*** GIVEN MATERIAL ***
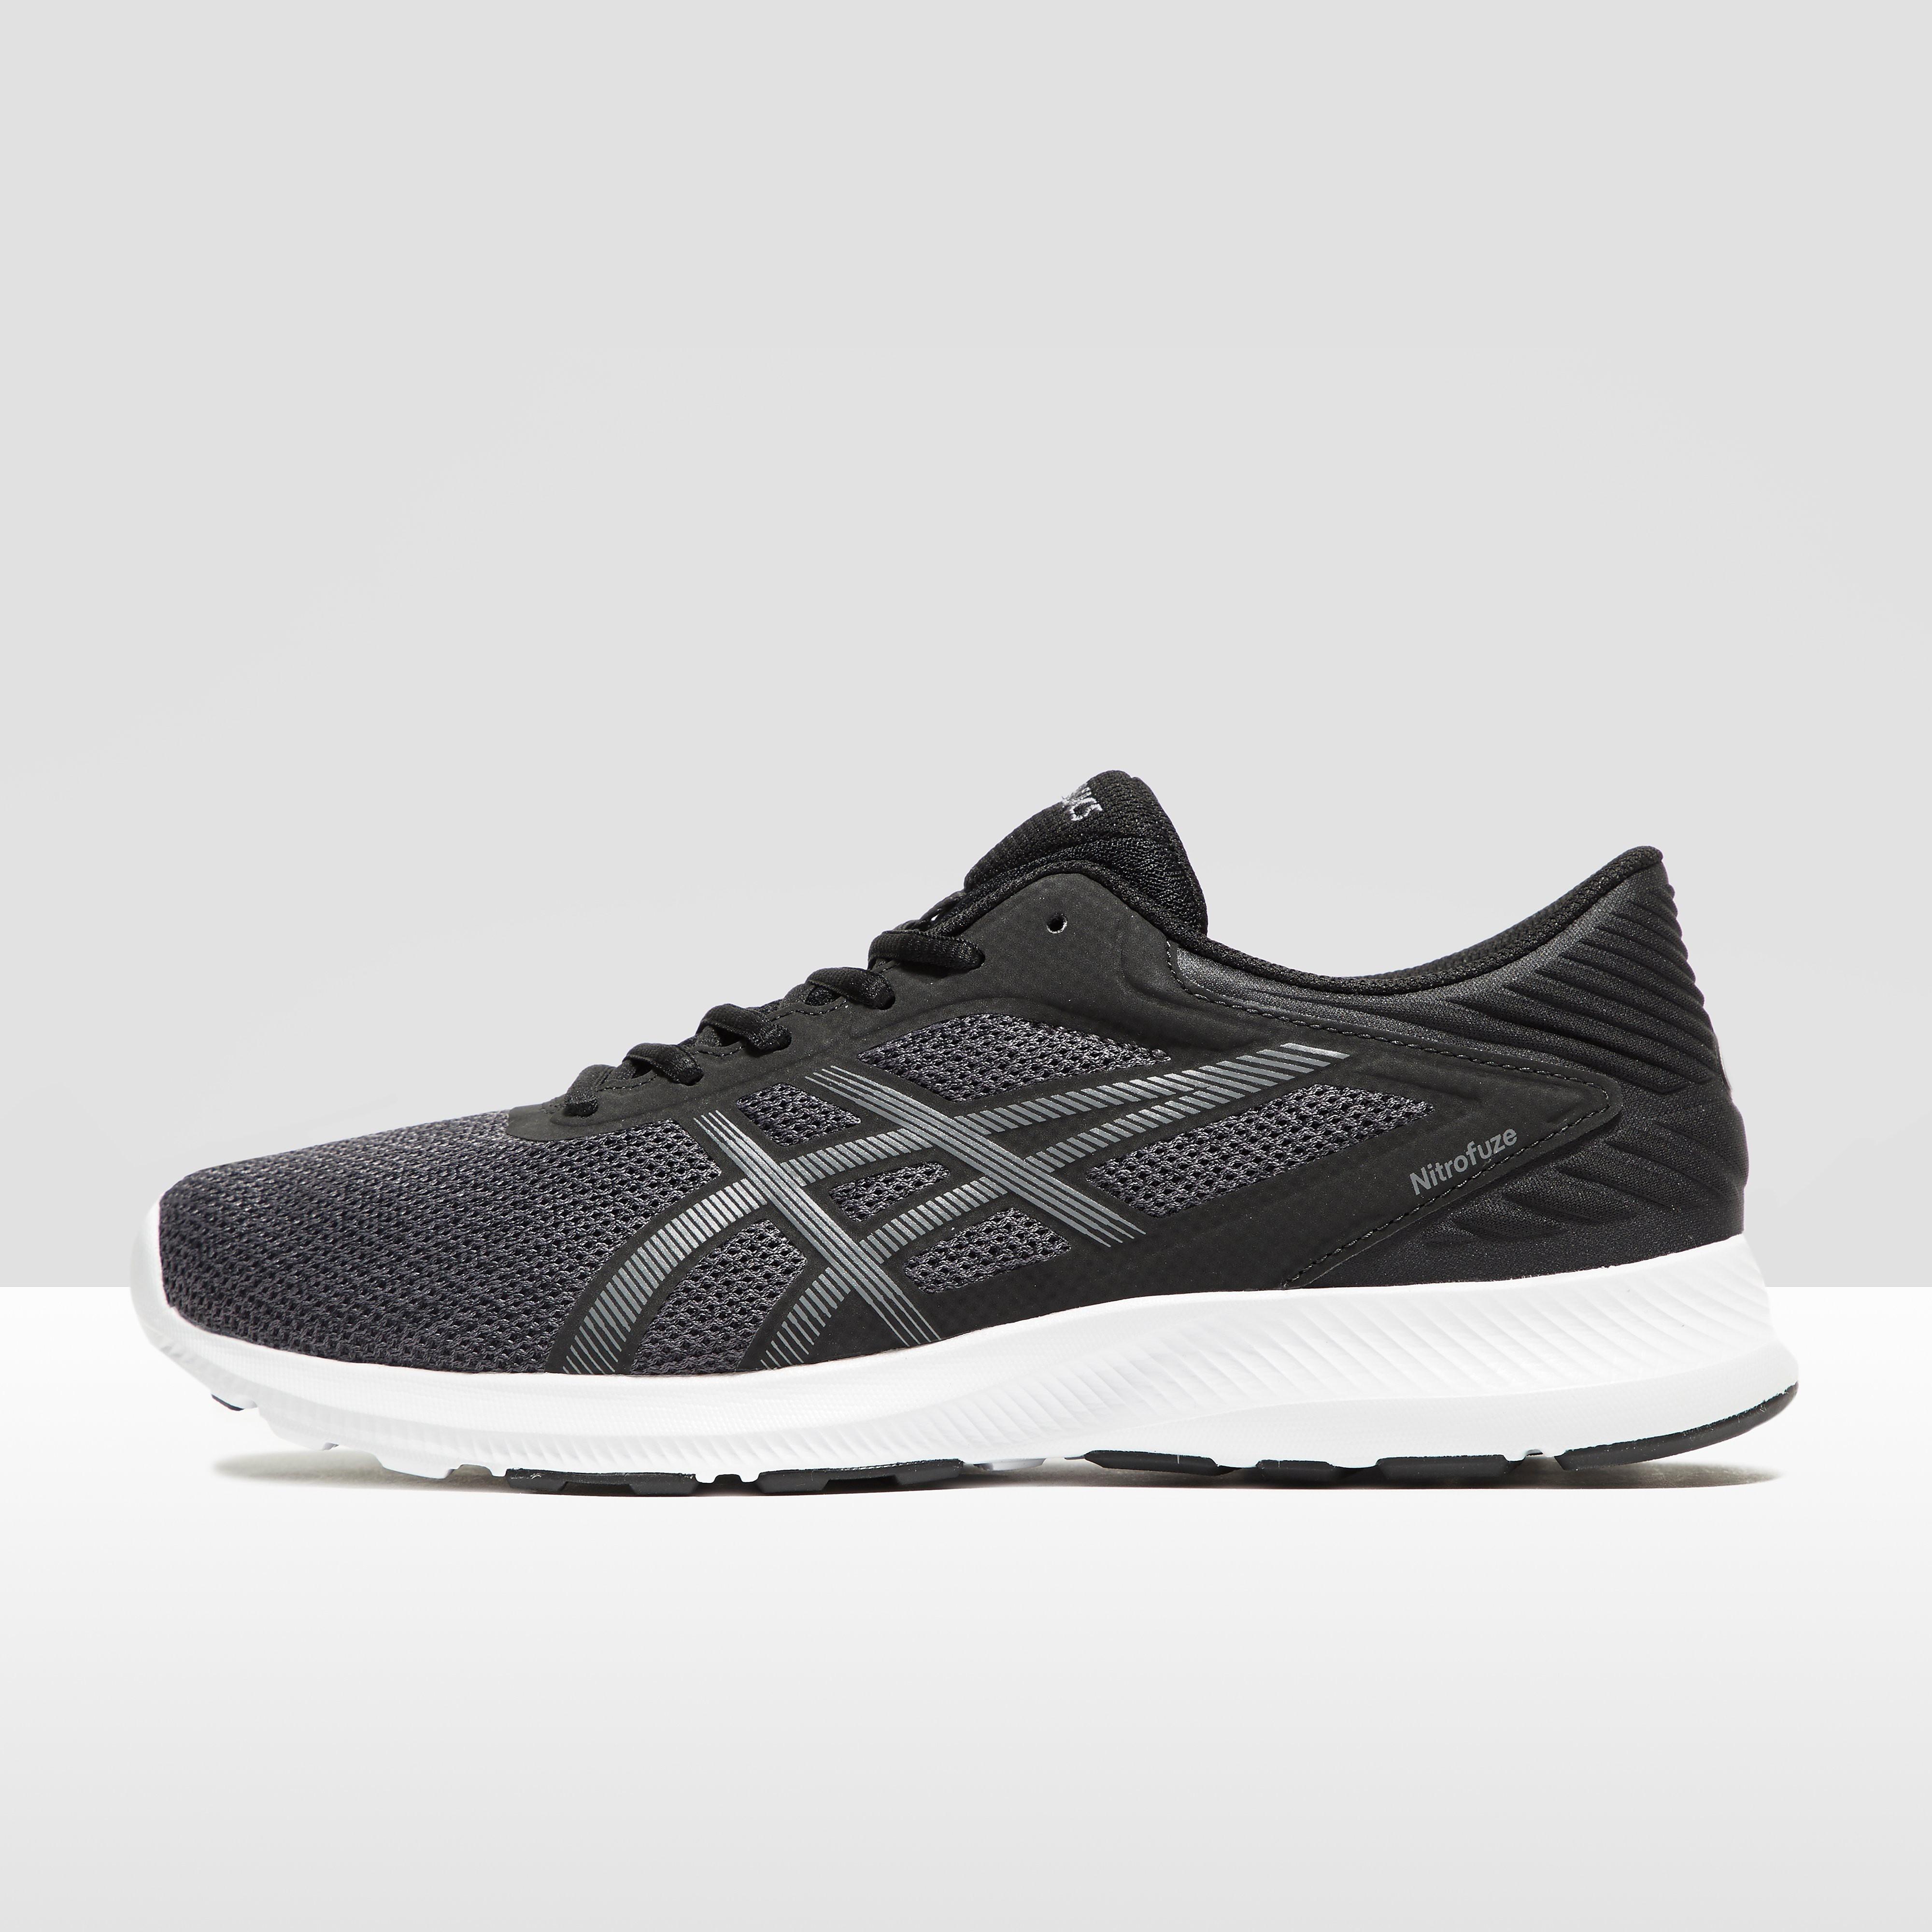 ASICS Nitro Fuze Men's Running Shoes
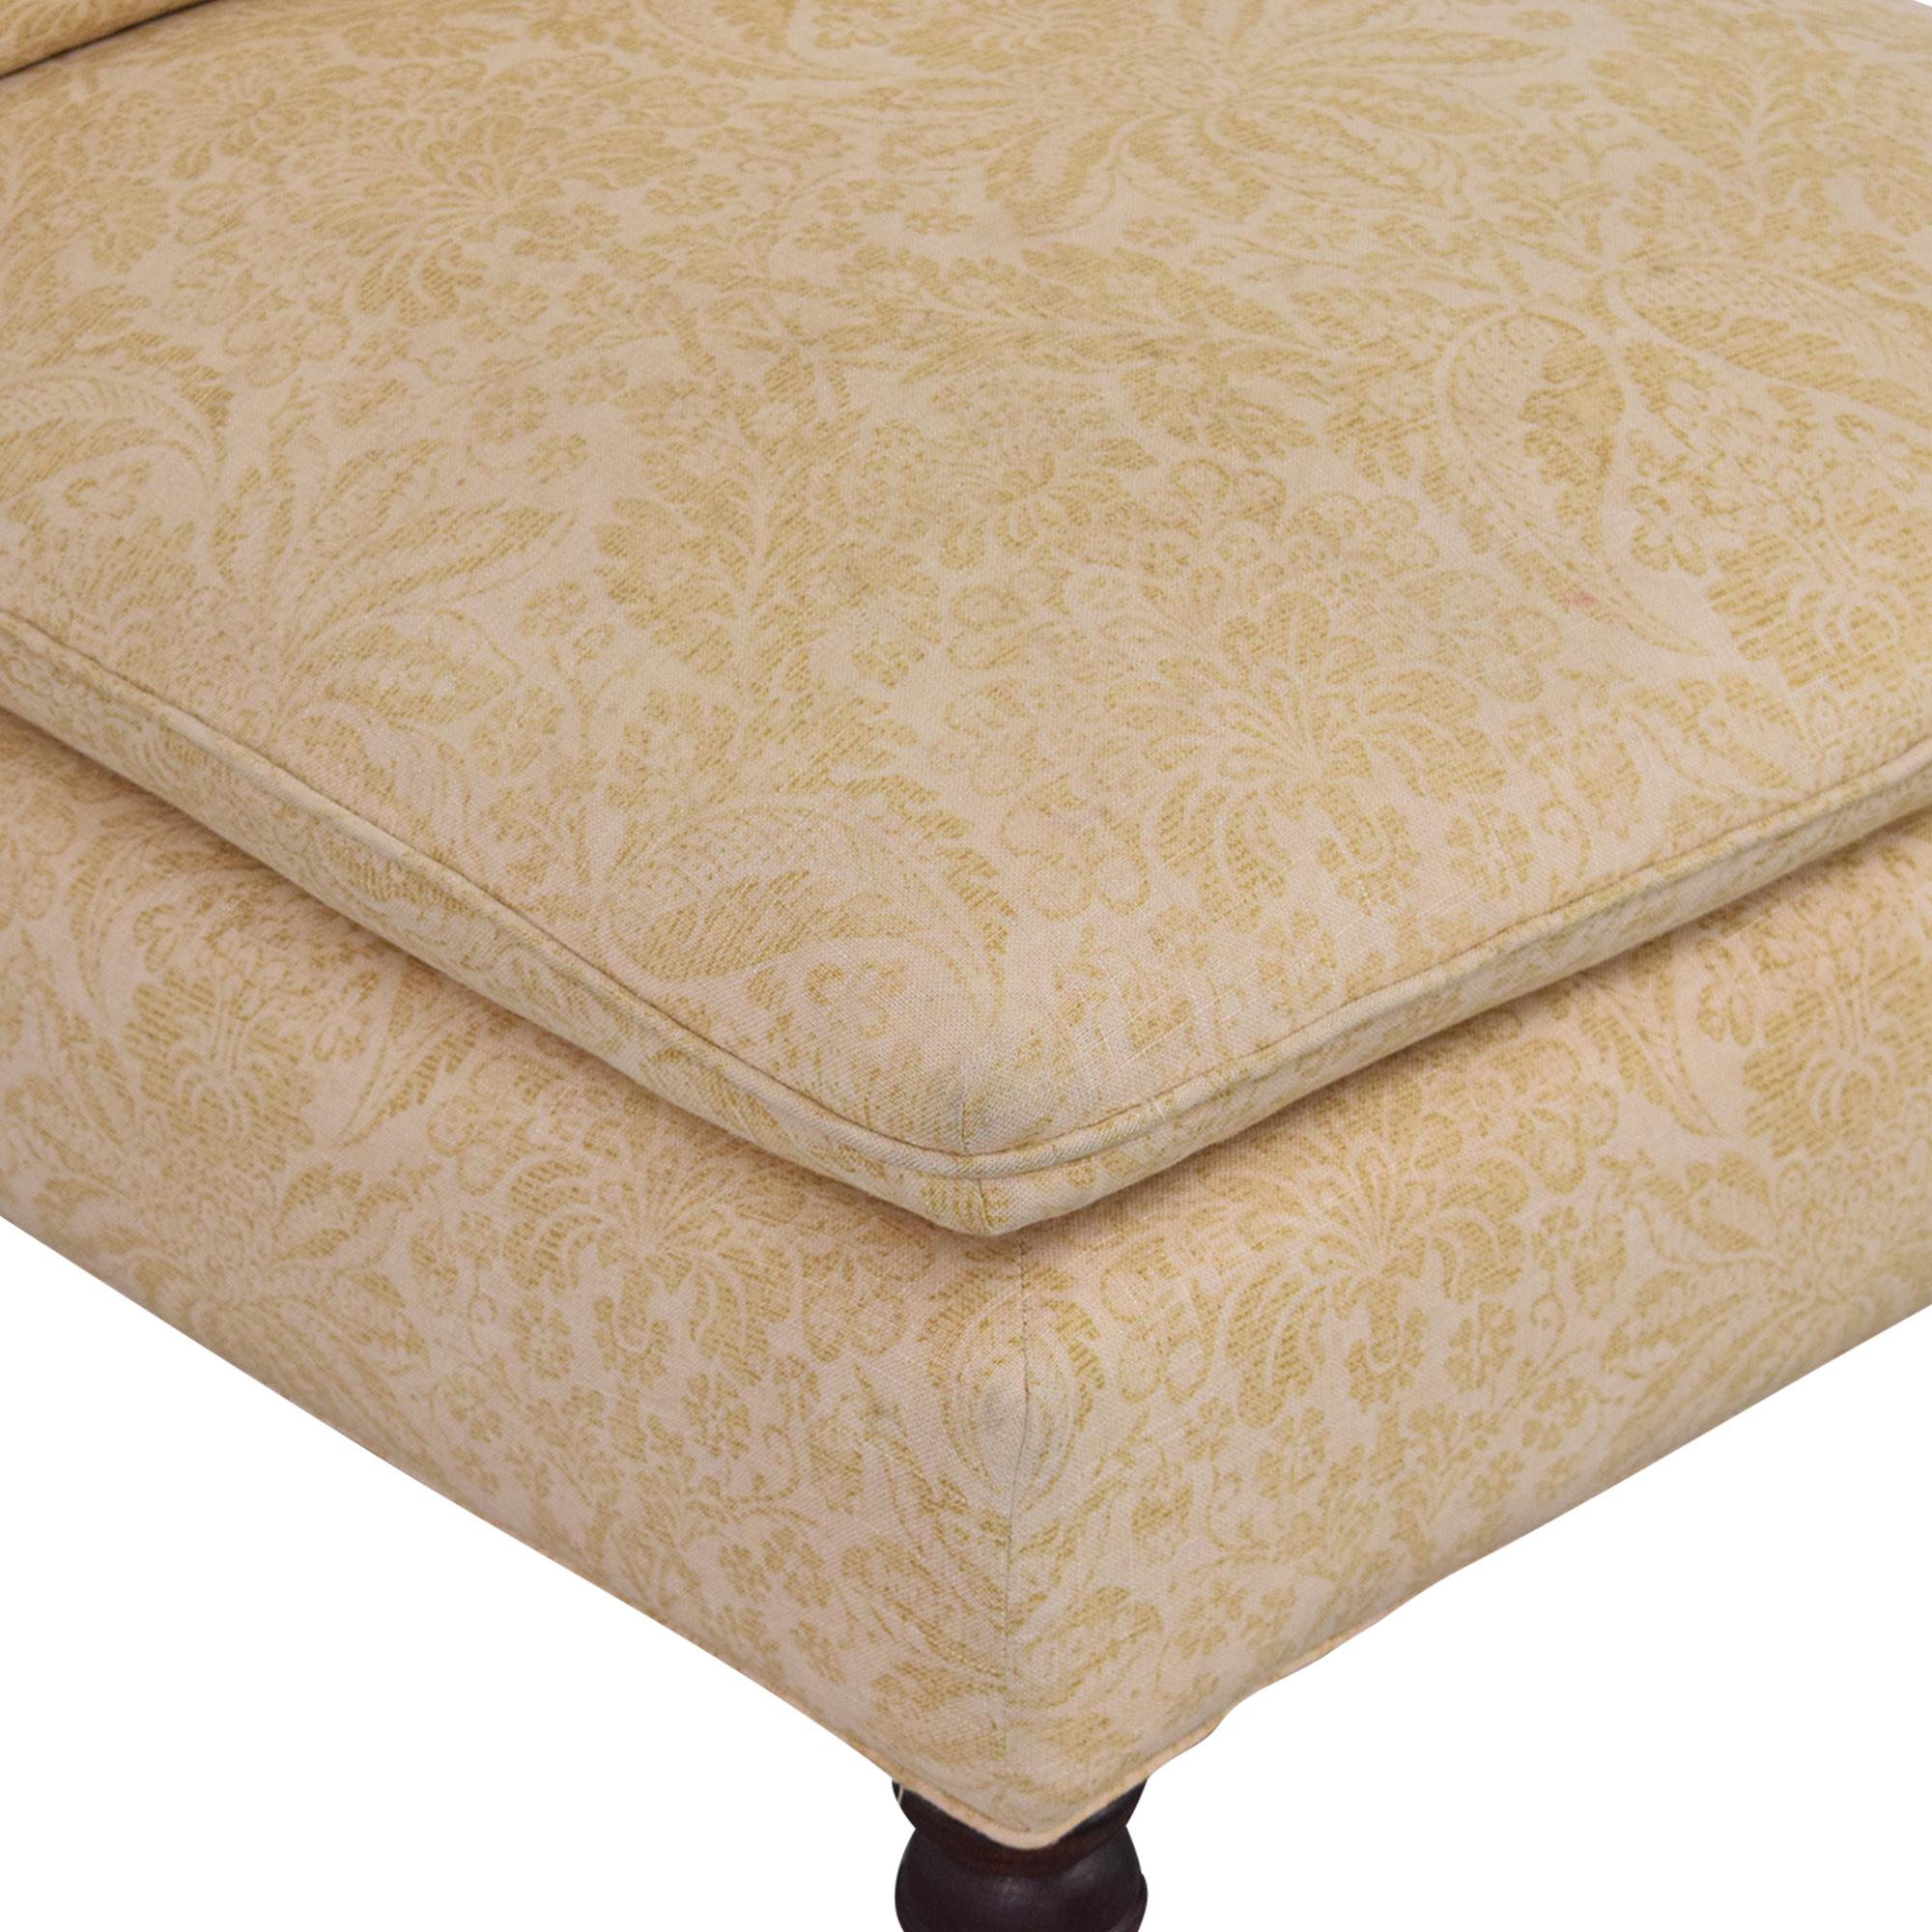 Mitchell Gold + Bob Williams Mitchell Gold + Bob Williams Lounge Chair second hand
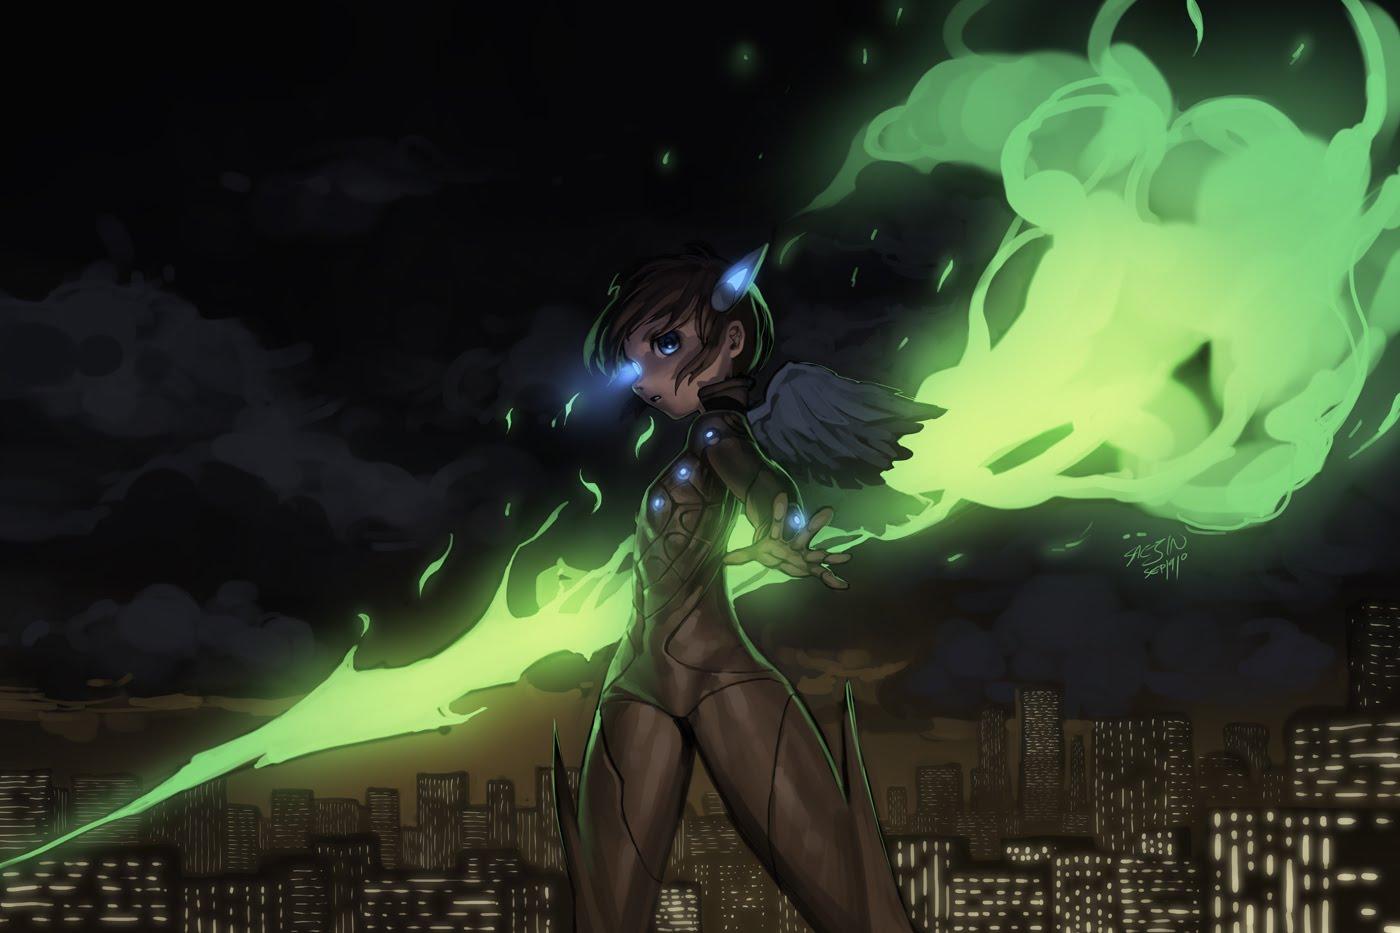 blue_eyes bodysuit brown_hair city fire night original saejin_oh short_hair skintight wings
***
* TASK BRIEF
Repeat the data exactly, excluding the pictures.

* ANSWER TO THIS EXERCISE
 ASICS Nitro Fuze Men's Running Shoes
 Mitchell Gold + Bob Williams Mitchell Gold + Bob Williams Lounge Chair second hand
 blue_eyes bodysuit brown_hair city fire night original saejin_oh short_hair skintight wings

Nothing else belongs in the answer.